GIVEN DATA:
▼
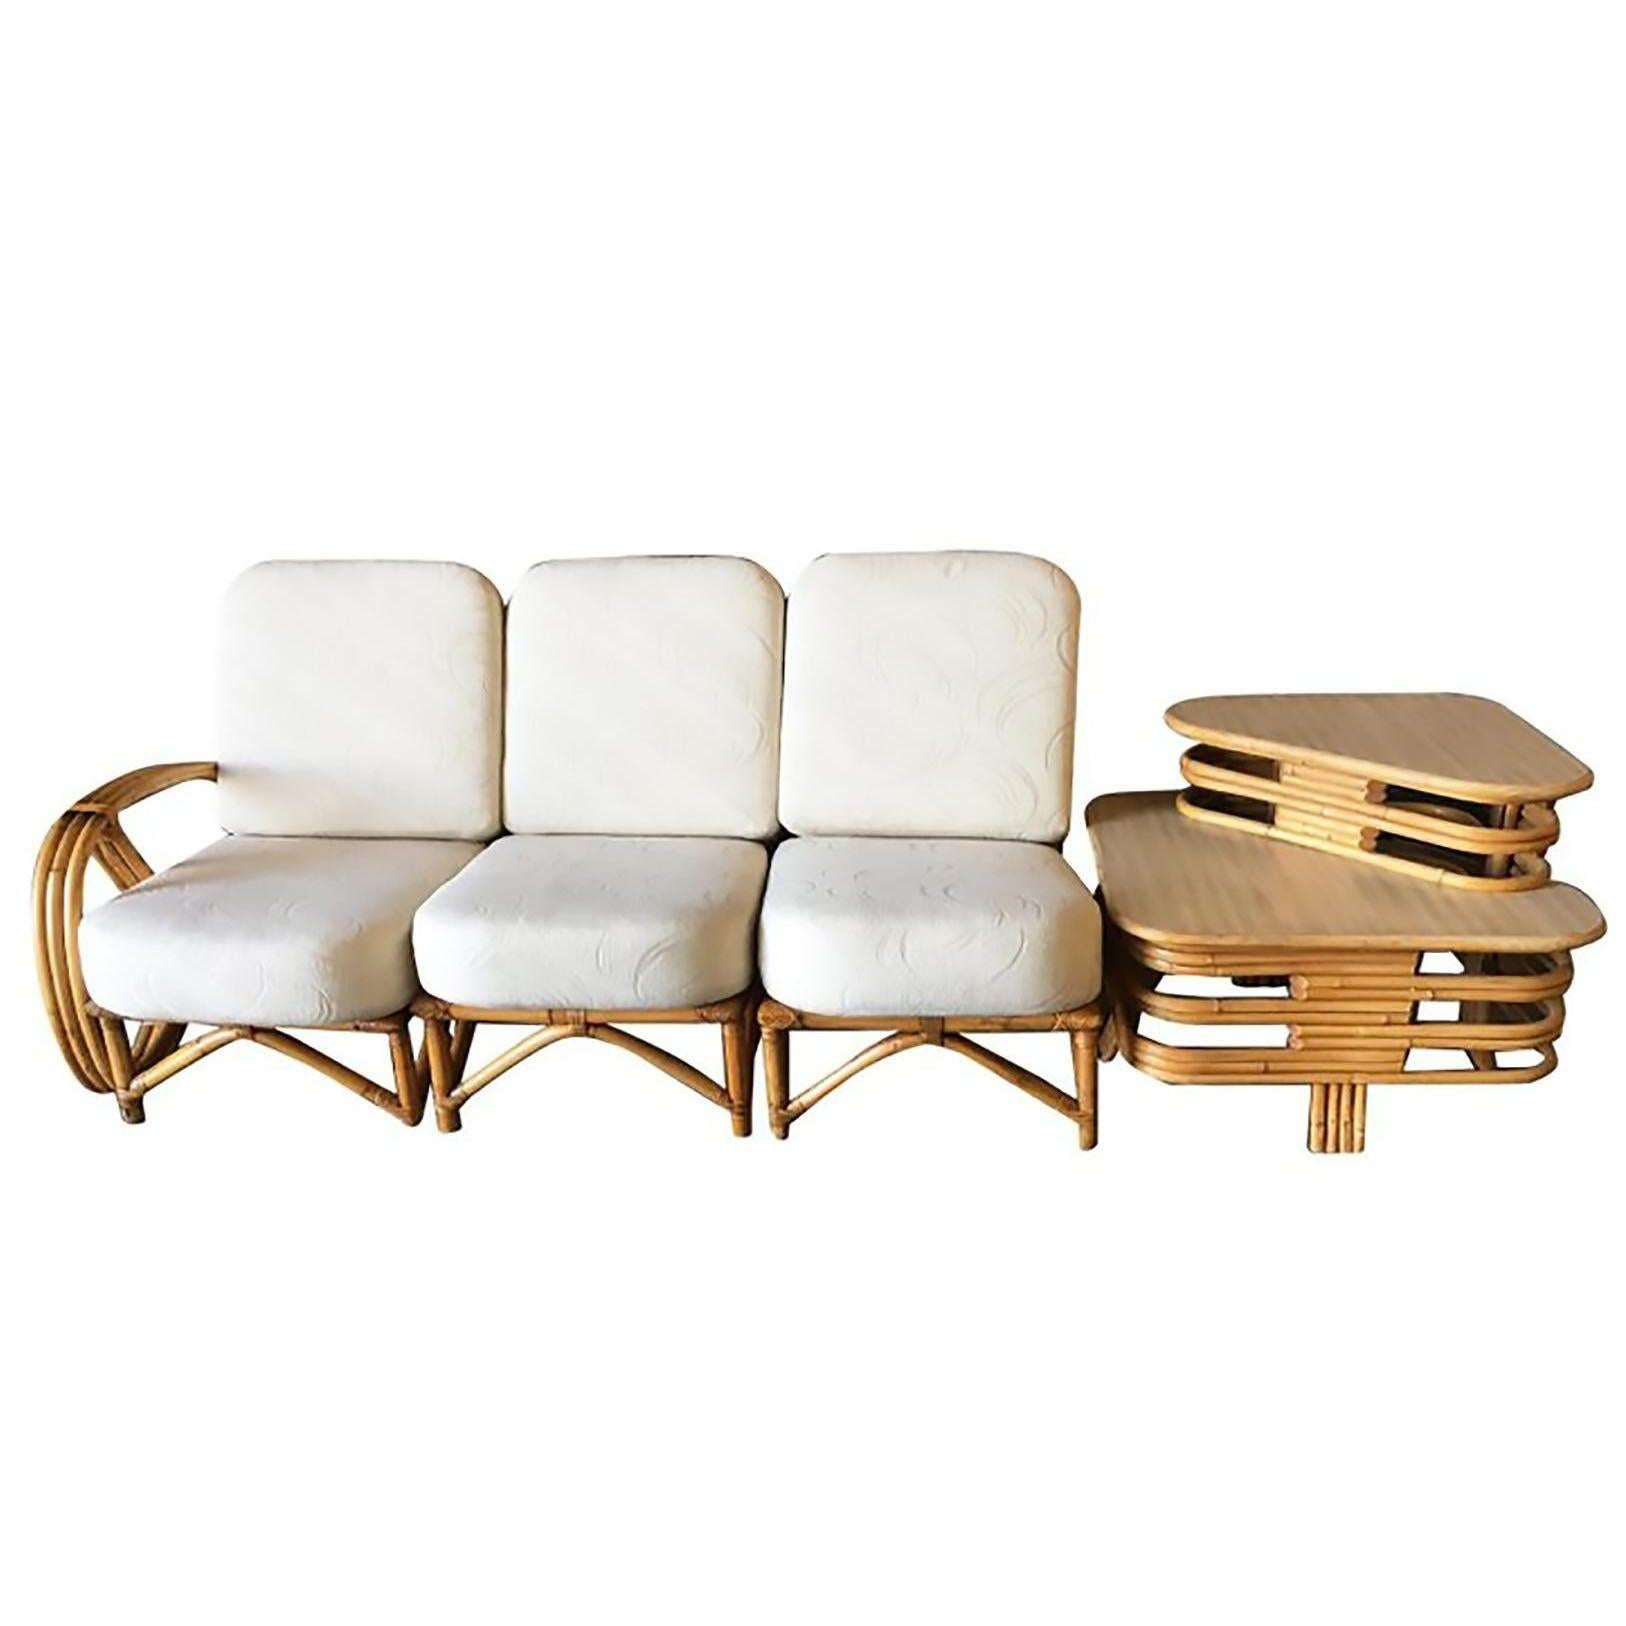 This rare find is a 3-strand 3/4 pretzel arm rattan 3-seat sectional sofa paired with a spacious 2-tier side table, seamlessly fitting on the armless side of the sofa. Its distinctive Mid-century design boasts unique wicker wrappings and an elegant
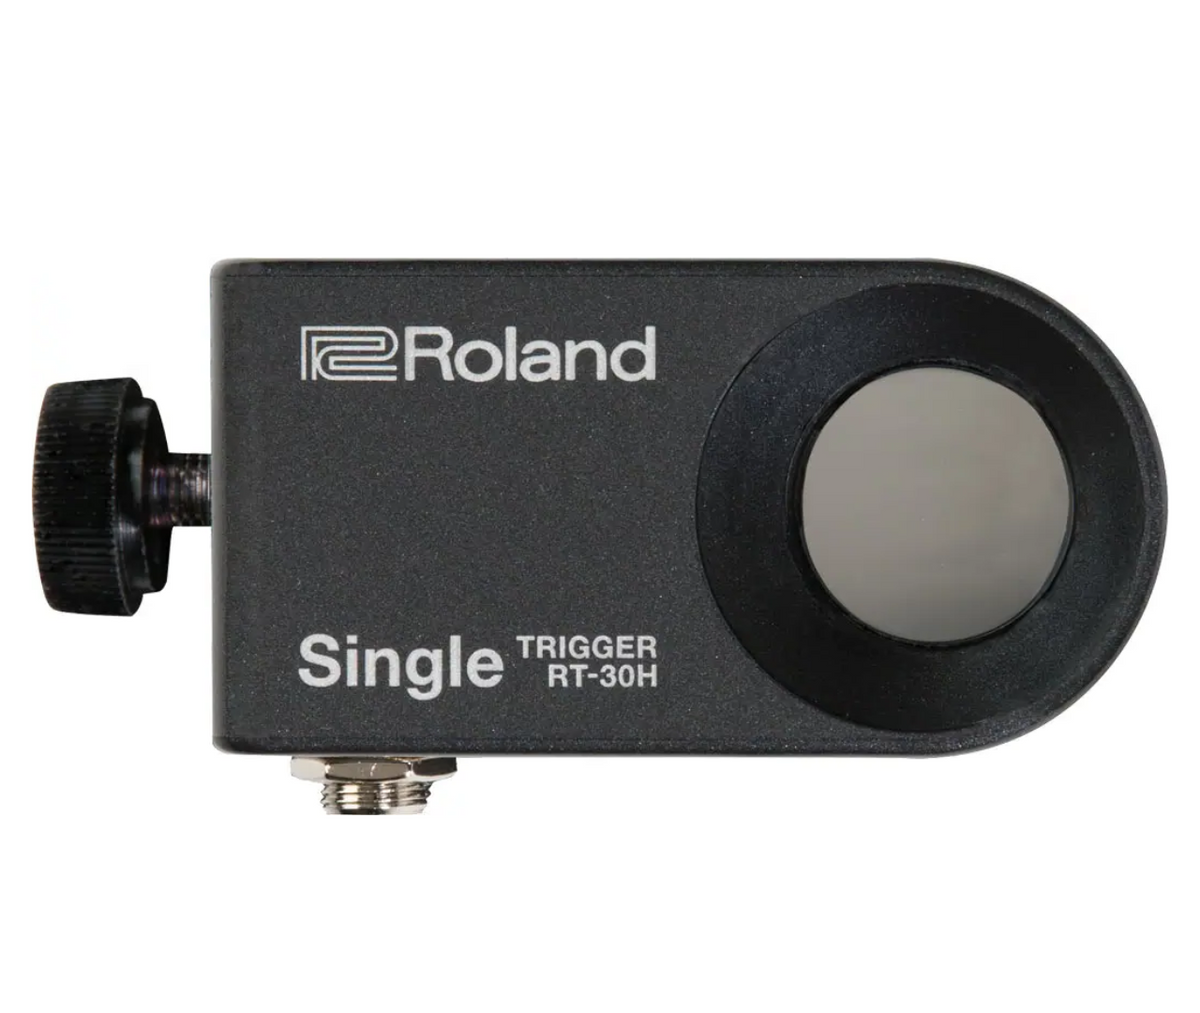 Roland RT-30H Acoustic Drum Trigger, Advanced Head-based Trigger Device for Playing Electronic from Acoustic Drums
▲
▼
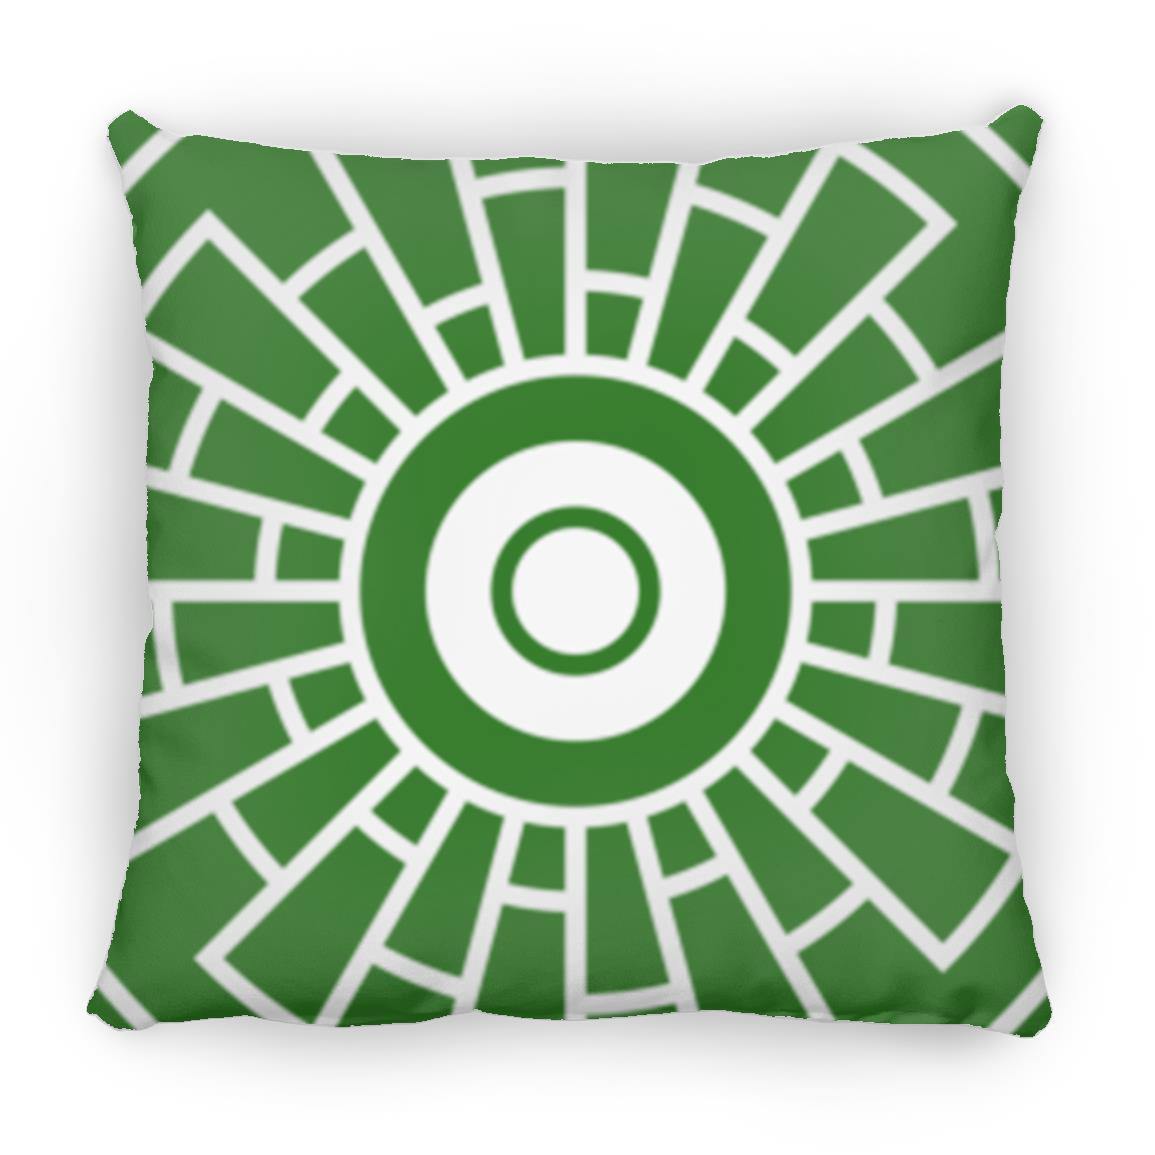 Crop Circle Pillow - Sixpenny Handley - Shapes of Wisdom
▲
▼
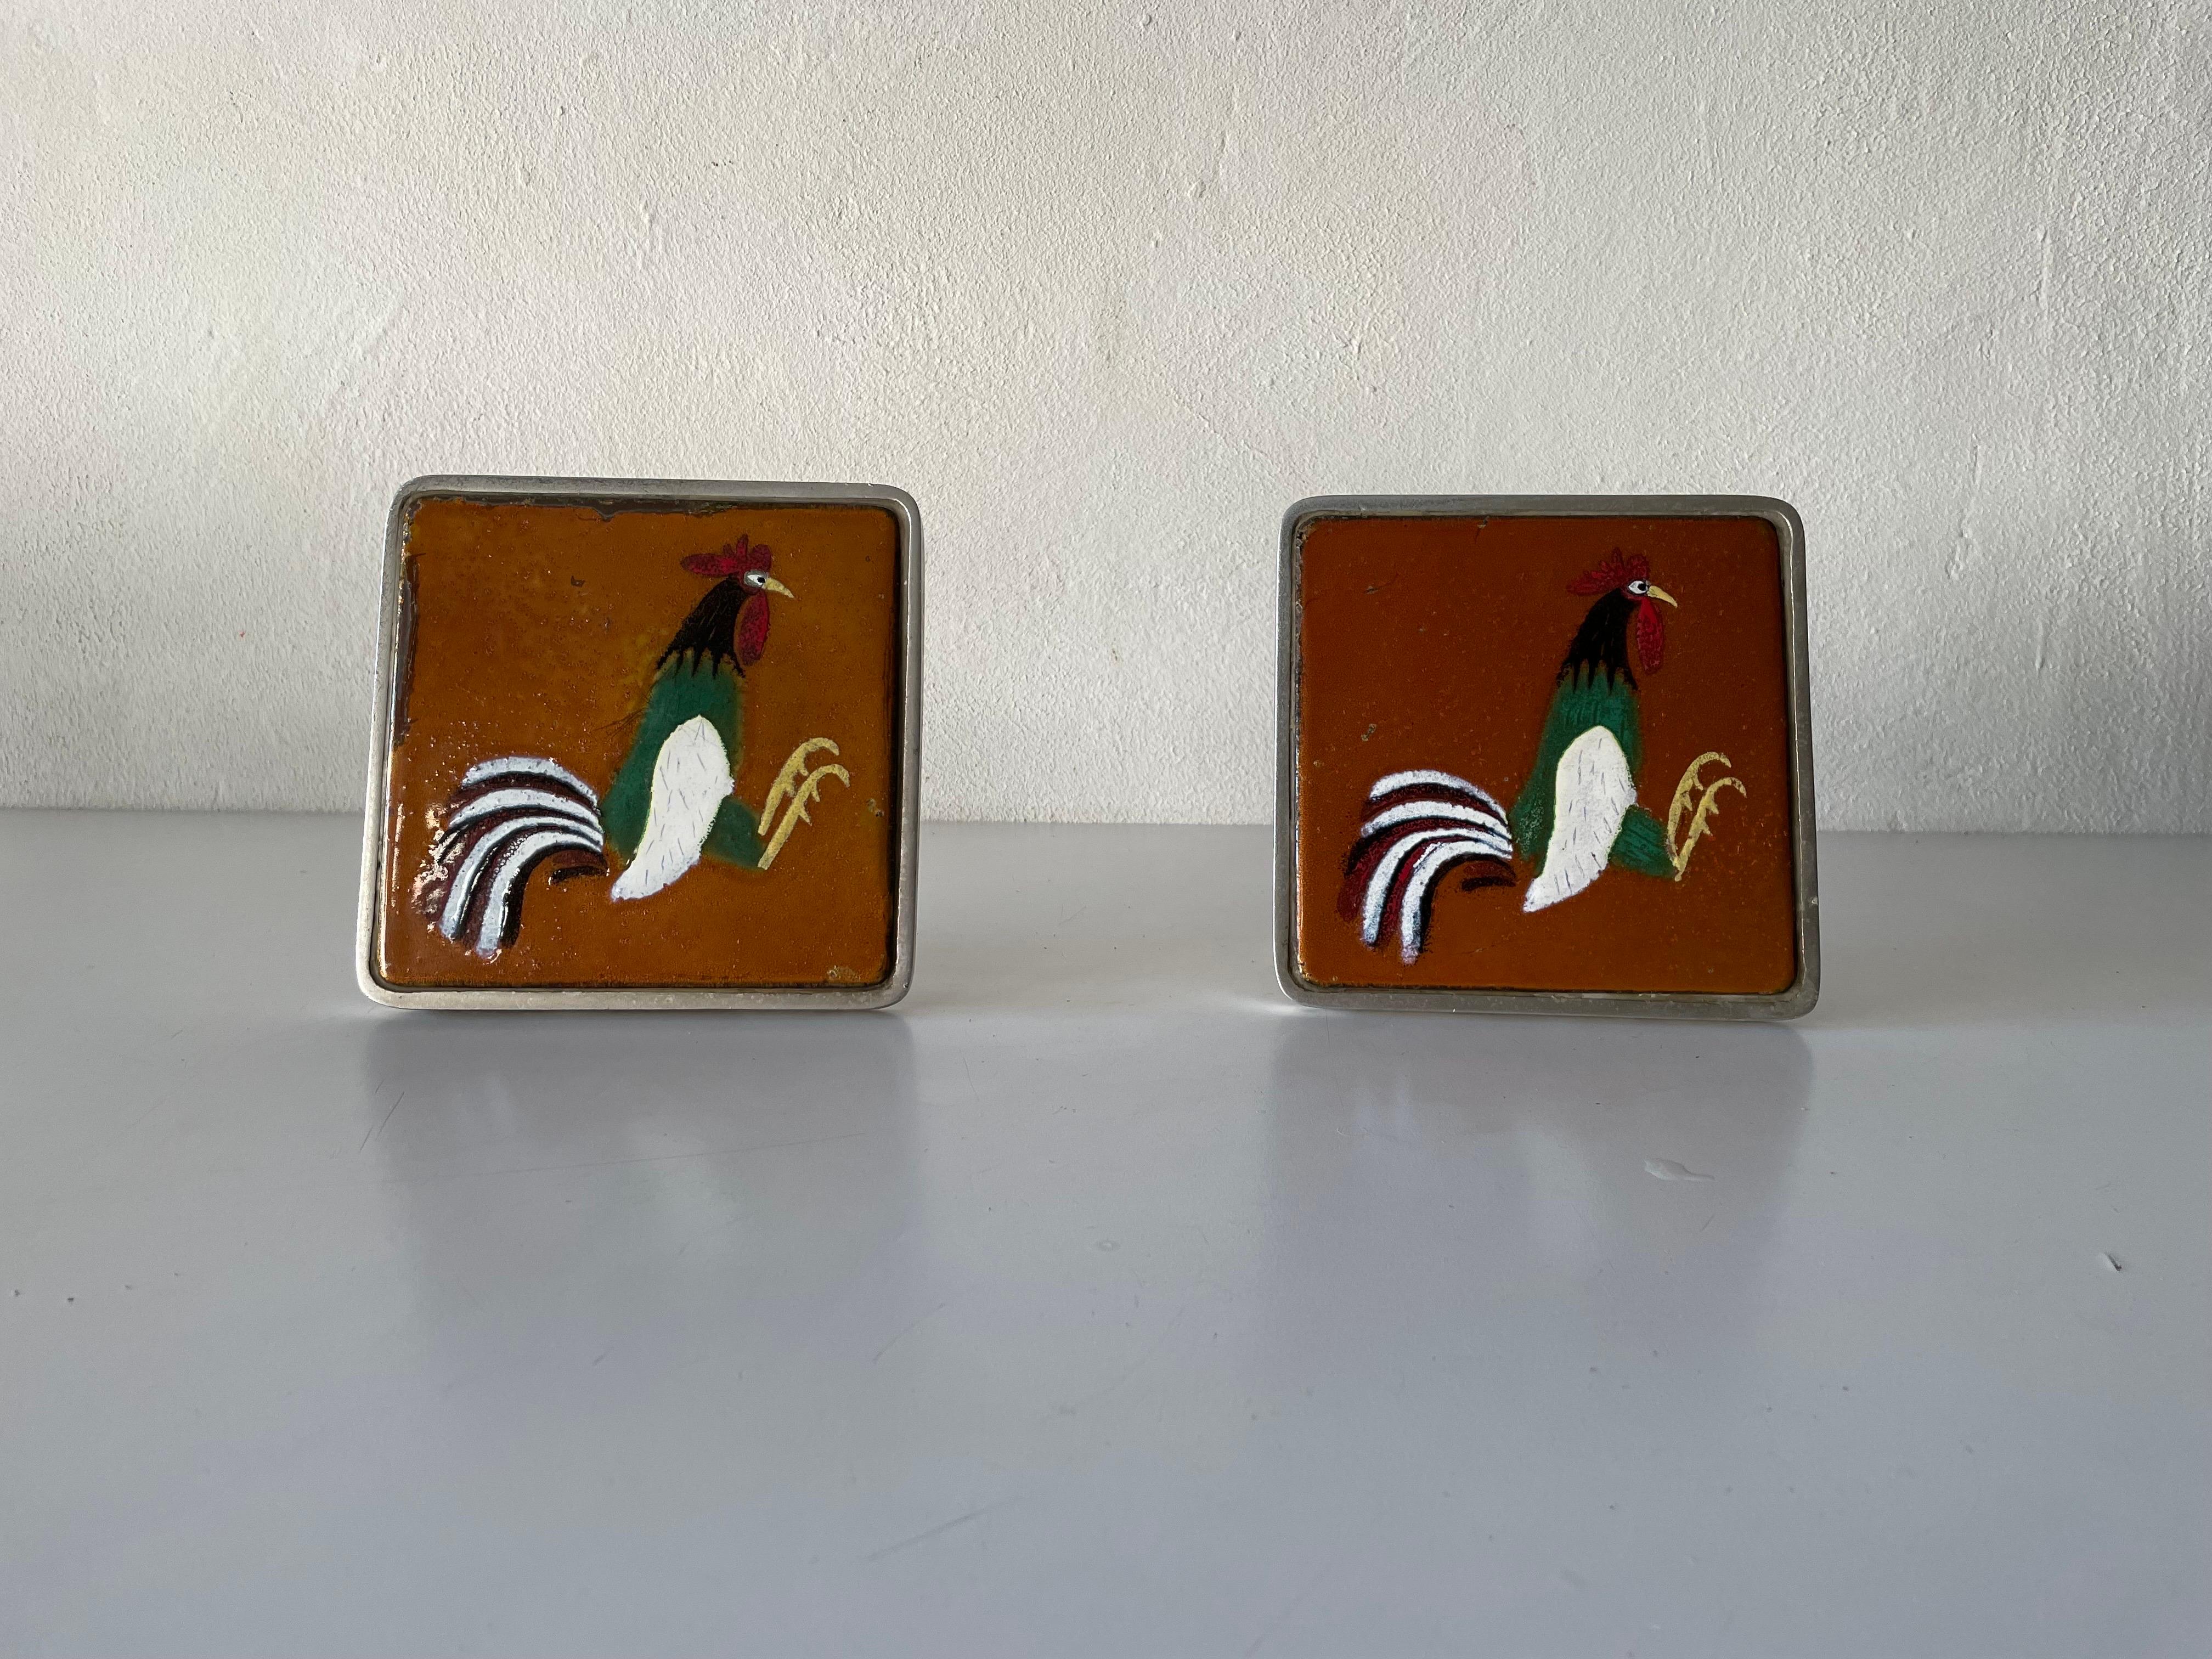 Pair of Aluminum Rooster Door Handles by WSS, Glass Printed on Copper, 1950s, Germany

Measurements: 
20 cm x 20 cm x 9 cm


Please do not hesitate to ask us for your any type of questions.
▲
Print, without alteration, only the lines above between the one holding "20 cm x 20 cm x 9 cm" and the one holding "Please do not", inclusive.

20 cm x 20 cm x 9 cm


Please do not hesitate to ask us for your any type of questions.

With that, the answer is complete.